**WHAT IS EXPECTED:** Output must consist only of the lines of the material below from the one with "View from the" through the one with "Vintage 14k Tri", each reproduced exactly; no pictures belong in it.

**DATA TO PROCESS:**
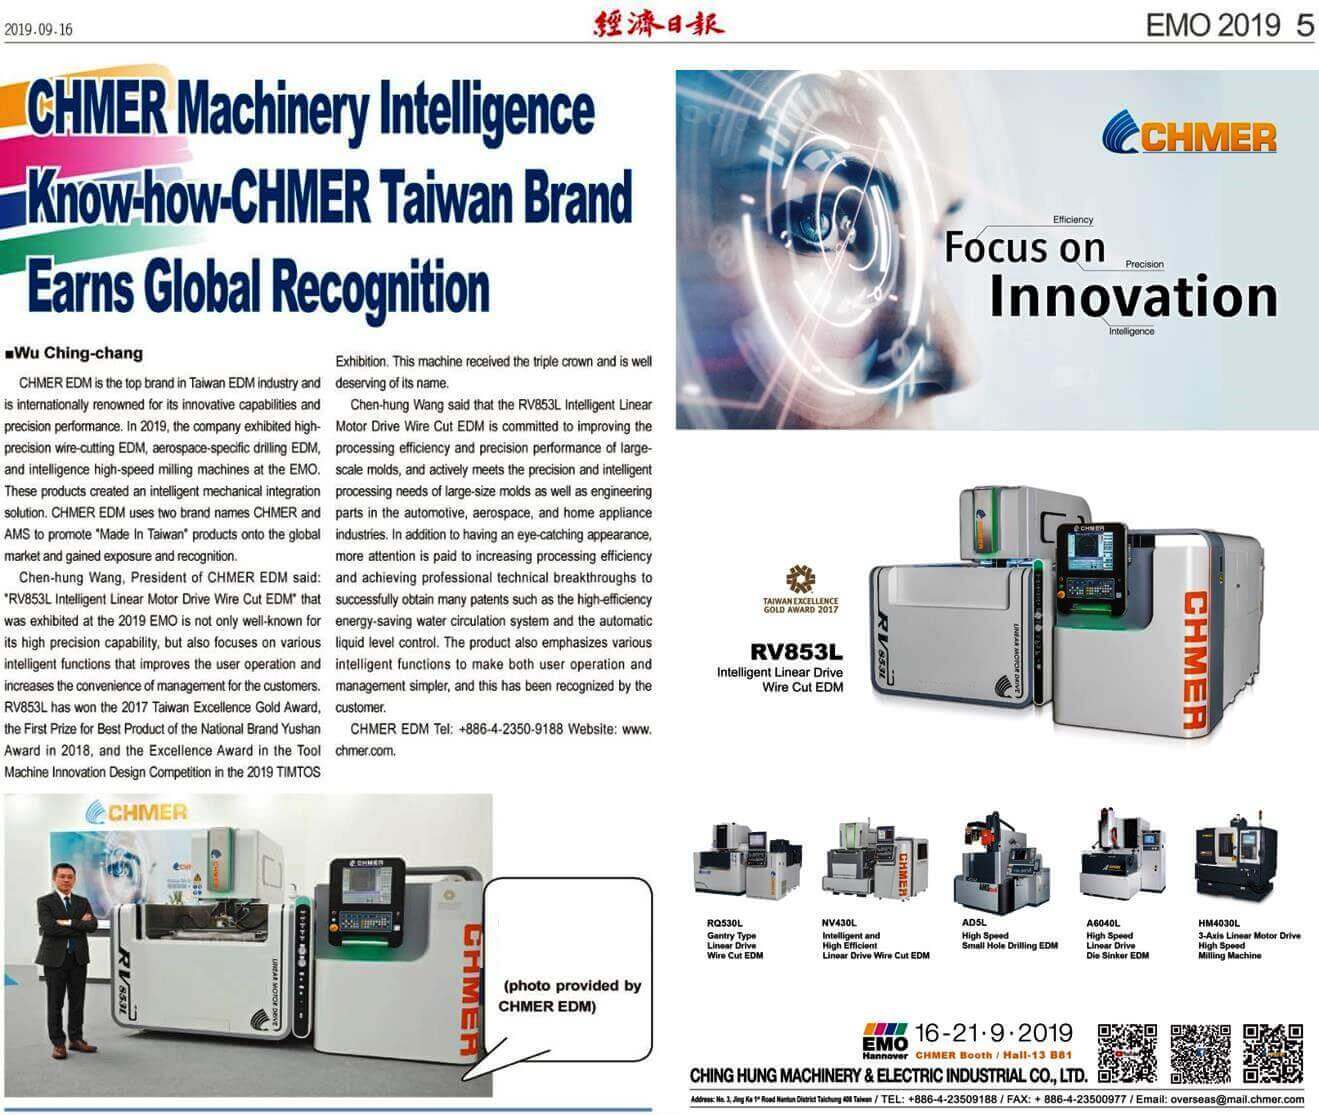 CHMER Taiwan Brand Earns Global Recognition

--

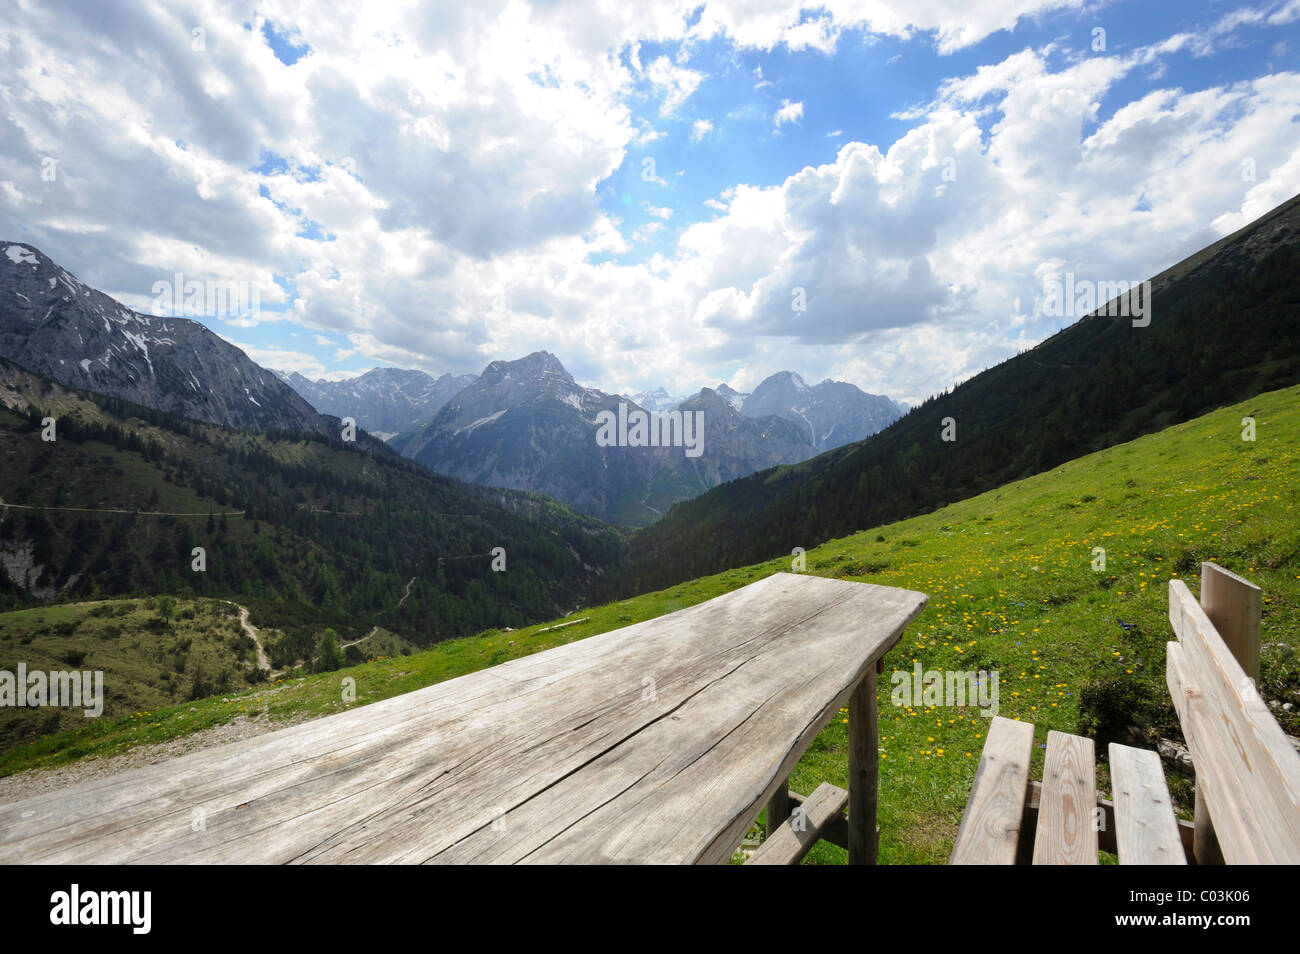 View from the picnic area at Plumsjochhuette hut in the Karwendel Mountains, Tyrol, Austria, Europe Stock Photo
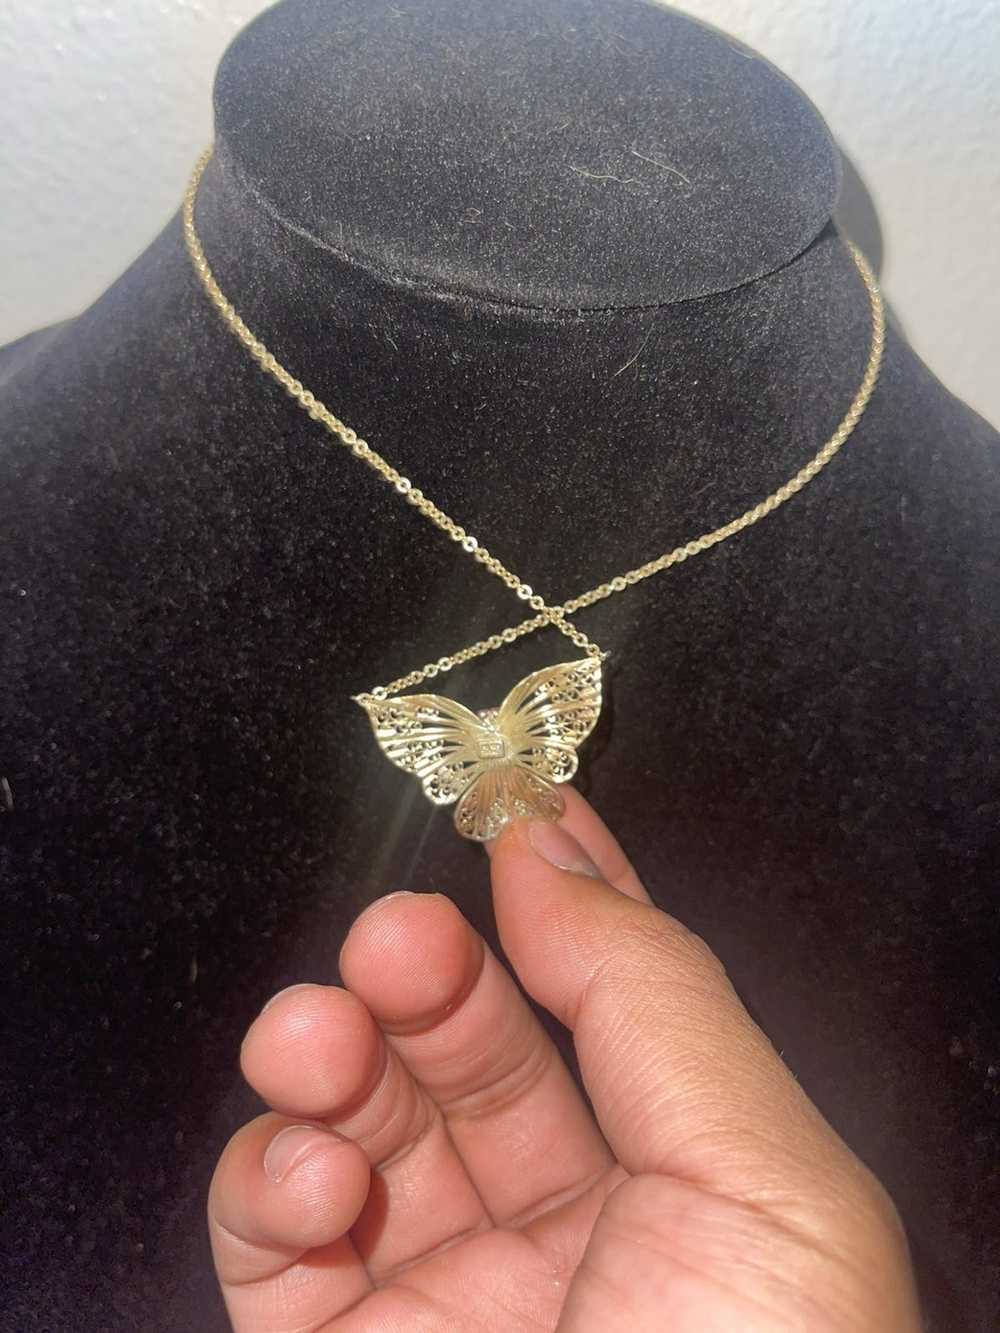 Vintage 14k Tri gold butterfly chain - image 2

**RESULT BELOW:**
 View from the picnic area at Plumsjochhuette hut in the Karwendel Mountains, Tyrol, Austria, Europe Stock Photo
 Vintage 14k Tri gold butterfly chain - image 2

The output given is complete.